GE-Aviation Moves Tote-Tracking Pilot to Production

The company has streamlined its shipping and receiving process for parts kits used in the production of commercial aircraft engines.
Published: February 15, 2008

GE-Aviation, the engine-manufacturing division for civil and military jet aircraft at General Electric, recently brought an RFID-based order-tracking system into production, according to Trey Keisler, GE-Aviation’s information management leader for planning and logistics.

According to Keisler, the system is streamlining the company’s internal supply chain between its warehouse in Erlanger, Ky., and its assembly plant in Durham, N.C., while also increasing its accuracy. And given that GE-Aviation has, in recent quarters, received record orders to supply jet engines for new Boeing and Airbus commercial aircraft, the timing couldn’t be better.

In Erlanger, workers create kits of engine parts and assemble them into plastic totes, which vary in size based on the particular kit.

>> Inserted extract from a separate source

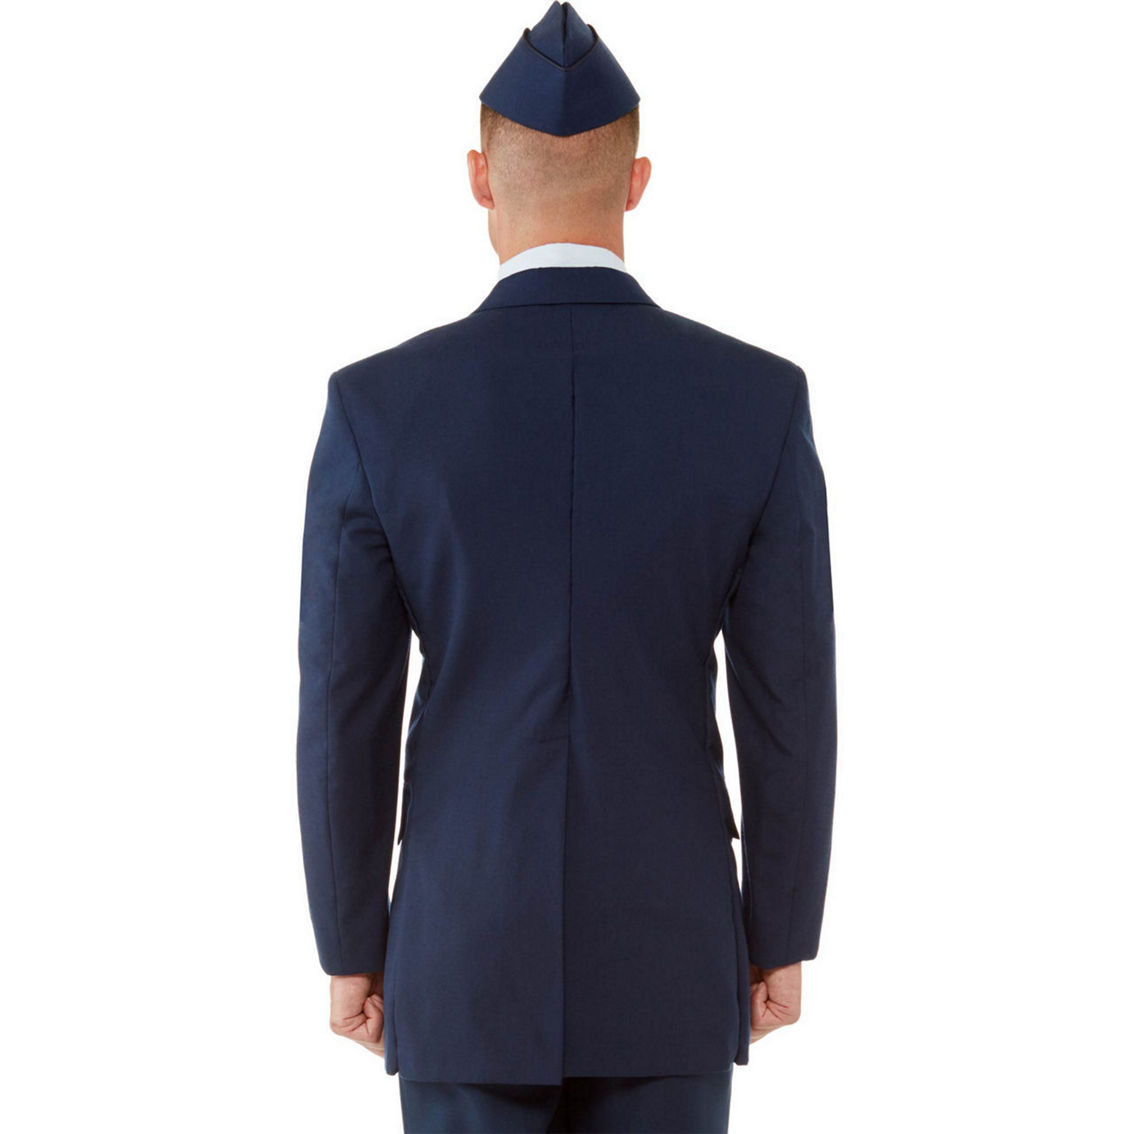 Air Force Enlisted Service Dress Coat Male - Image 2 of 4

The parts are generally small. “They are kitted so that operators on the assembly floor can move quickly [through the assembly process] without having to hunt down small, individual pieces,” Keisler explains. “The kits are basically used for pre-staging.”

Previously, GE-Aviation maintained accurate records of the number and types of kits the warehouse prepared for shipping each day. What it didn’t have, however, was a means for obtaining a quick view of exactly which totes made it to the Durham plant each day.

Workers would apply a bar-coded adhesive label on each tote while assembling them onto pallets for shipment. As they did this, they’d scan the bar code, which contains a unique number (which GE refers to as a license plate) stored in its warehouse management software and used to create a daily manifest of shipments. In a perfect world, Keisler says, all of the pallets in a given shipment made it onto a single truck, which was received in Durham the following day.
Often, however, a less-than-full shipment made it onto a single truckload, and because the manifest Durham received with the truck reflected what was prepared for shipment rather than what was actually shipped, the record was often incorrect. To determine what was actually shipped, Keisler says, personnel in Durham spent a good deal of time running around with clipboards, inspecting each pallet. Using RFID has all but eliminated this manual process, and is currently saving Durham personnel precious time previously spent receiving the kits and bringing them into the production process.

Workers at the Erlanger warehouse now apply bar-coded RFID labels to the totes. Each label has an embedded passive ultrahigh-frequency (UHF) RFID inlay compliant with the EPC Gen 2 and ISO 18000-6C standards, which comes pre-encoded with a unique ID number. An RFID printer-encoder captures this unique ID, then prints the label with a bar code containing a license-plate number generated by the warehouse management system (WMS). The license plate and tag ID numbers are then associated with each other in the WMS. GE-Aviation still uses the license plate numbers because they are utilized for other shipping and production functions.

Two to four totes fit on each pallet, depending on a particular tote’s size. Before placing each tote on a pallet, workers apply a printed RFID label to it and use a handheld scanner to collect the license plate number from the label’s bar code. Then, as each pallet is loaded onto the truck, it passes through an RFID reader portal, which collects the unique ID from each RFID tag. Once the truck is full, the WMS generates an electronic shipment manifest based on all RFID reads collected from the portal readers. It can also report which totes have been labeled, based on the bar-code scans collected, but not loaded onto the truck. These totes will then appear, correctly, on the manifest of the truck in which they are later loaded.

In Durham, the pallets are moved though an RFID reader portal as they are unloaded from the truck. The WMS then compares the tag IDs collected from the readers with the electronic shipment manifest, to confirm the accuracy of the shipment.

Placing the labels on the plastic tote, Keisler says, offers enough of a buffer between the inlay and the metallic content of the kits within the tote to eliminate most RF interference. The portal reader in Erlanger captures more than 95 percent of the tags, he adds, based on comparing the shipment manifest generated by the WMS with successful tag reads.
After the totes are received in Durham, they are stored in an area known as the kitting room. As the totes are brought into the room, they move through a portal that captures each label’s RFID tag ID number. This code is again captured as the totes are later removed from the kitting room, providing Durham with a real-time inventory list of tagged totes in the room. Once the totes are empty, they are returned to Erlanger, where the labels are removed before the totes are reused. This is the same process previously employed with the bar-code-only labels.

GE-Aviation began a pilot test of the system in late 2006, then decided to make it permanent in December. Keisler declines to name the RFID hardware and software vendors involved.

This is one of many RFID systems GE-Aviation has tested or deployed. The company began tagging spare parts shipped between its Flight Support Center in Lynn, Mass., and the Erlanger distribution center in 2005 (see GE Aviation Finds Value in RFID).

Keisler says the company has also begun testing an active RFID system for tracking high-value tools inside a Cincinnati research and development facility. The hardware, he adds—which consists of active RFID tags that communicate over the facility’s existing wireless LAN and software that maps the location of tagged tools in real time—may be made permanent later this year. If so, the company will initially track hundreds of tools in the facility.